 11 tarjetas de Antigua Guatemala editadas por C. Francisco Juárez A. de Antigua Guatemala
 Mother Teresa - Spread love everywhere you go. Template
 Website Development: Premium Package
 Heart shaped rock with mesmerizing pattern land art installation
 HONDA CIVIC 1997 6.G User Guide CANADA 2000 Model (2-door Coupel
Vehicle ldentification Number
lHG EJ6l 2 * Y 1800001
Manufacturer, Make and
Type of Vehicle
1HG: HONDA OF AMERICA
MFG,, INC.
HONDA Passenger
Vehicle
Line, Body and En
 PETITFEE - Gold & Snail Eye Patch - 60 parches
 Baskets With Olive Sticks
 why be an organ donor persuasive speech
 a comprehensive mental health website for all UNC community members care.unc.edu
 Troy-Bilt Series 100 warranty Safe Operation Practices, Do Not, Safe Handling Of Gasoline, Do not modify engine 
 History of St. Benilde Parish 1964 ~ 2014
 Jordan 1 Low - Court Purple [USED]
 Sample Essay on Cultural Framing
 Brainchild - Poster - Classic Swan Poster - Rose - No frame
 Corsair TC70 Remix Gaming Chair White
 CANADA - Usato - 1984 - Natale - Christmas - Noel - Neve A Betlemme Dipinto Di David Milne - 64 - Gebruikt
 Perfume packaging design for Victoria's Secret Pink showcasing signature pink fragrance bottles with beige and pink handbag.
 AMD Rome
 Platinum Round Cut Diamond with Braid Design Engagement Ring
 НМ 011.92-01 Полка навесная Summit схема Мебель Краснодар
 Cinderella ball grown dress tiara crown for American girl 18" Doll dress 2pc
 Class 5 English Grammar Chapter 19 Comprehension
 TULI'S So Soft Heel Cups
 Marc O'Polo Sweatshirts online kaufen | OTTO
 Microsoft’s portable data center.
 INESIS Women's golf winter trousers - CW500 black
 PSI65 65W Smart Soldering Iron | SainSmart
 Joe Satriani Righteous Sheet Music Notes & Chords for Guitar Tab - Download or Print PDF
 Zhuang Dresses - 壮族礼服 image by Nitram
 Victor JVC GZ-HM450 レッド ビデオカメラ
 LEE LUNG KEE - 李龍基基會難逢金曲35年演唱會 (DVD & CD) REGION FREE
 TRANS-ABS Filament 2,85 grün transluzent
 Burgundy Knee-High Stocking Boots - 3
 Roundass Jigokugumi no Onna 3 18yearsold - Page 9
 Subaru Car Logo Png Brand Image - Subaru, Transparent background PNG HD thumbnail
-.-.-
● Work item:
Each of the lines above must appear again, unchanged.

● Expected answer:
 11 tarjetas de Antigua Guatemala editadas por C. Francisco Juárez A. de Antigua Guatemala
 Mother Teresa - Spread love everywhere you go. Template
 Website Development: Premium Package
 Heart shaped rock with mesmerizing pattern land art installation
 HONDA CIVIC 1997 6.G User Guide CANADA 2000 Model (2-door Coupel
Vehicle ldentification Number
lHG EJ6l 2 * Y 1800001
Manufacturer, Make and
Type of Vehicle
1HG: HONDA OF AMERICA
MFG,, INC.
HONDA Passenger
Vehicle
Line, Body and En
 PETITFEE - Gold & Snail Eye Patch - 60 parches
 Baskets With Olive Sticks
 why be an organ donor persuasive speech
 a comprehensive mental health website for all UNC community members care.unc.edu
 Troy-Bilt Series 100 warranty Safe Operation Practices, Do Not, Safe Handling Of Gasoline, Do not modify engine 
 History of St. Benilde Parish 1964 ~ 2014
 Jordan 1 Low - Court Purple [USED]
 Sample Essay on Cultural Framing
 Brainchild - Poster - Classic Swan Poster - Rose - No frame
 Corsair TC70 Remix Gaming Chair White
 CANADA - Usato - 1984 - Natale - Christmas - Noel - Neve A Betlemme Dipinto Di David Milne - 64 - Gebruikt
 Perfume packaging design for Victoria's Secret Pink showcasing signature pink fragrance bottles with beige and pink handbag.
 AMD Rome
 Platinum Round Cut Diamond with Braid Design Engagement Ring
 НМ 011.92-01 Полка навесная Summit схема Мебель Краснодар
 Cinderella ball grown dress tiara crown for American girl 18" Doll dress 2pc
 Class 5 English Grammar Chapter 19 Comprehension
 TULI'S So Soft Heel Cups
 Marc O'Polo Sweatshirts online kaufen | OTTO
 Microsoft’s portable data center.
 INESIS Women's golf winter trousers - CW500 black
 PSI65 65W Smart Soldering Iron | SainSmart
 Joe Satriani Righteous Sheet Music Notes & Chords for Guitar Tab - Download or Print PDF
 Zhuang Dresses - 壮族礼服 image by Nitram
 Victor JVC GZ-HM450 レッド ビデオカメラ
 LEE LUNG KEE - 李龍基基會難逢金曲35年演唱會 (DVD & CD) REGION FREE
 TRANS-ABS Filament 2,85 grün transluzent
 Burgundy Knee-High Stocking Boots - 3
 Roundass Jigokugumi no Onna 3 18yearsold - Page 9
 Subaru Car Logo Png Brand Image - Subaru, Transparent background PNG HD thumbnail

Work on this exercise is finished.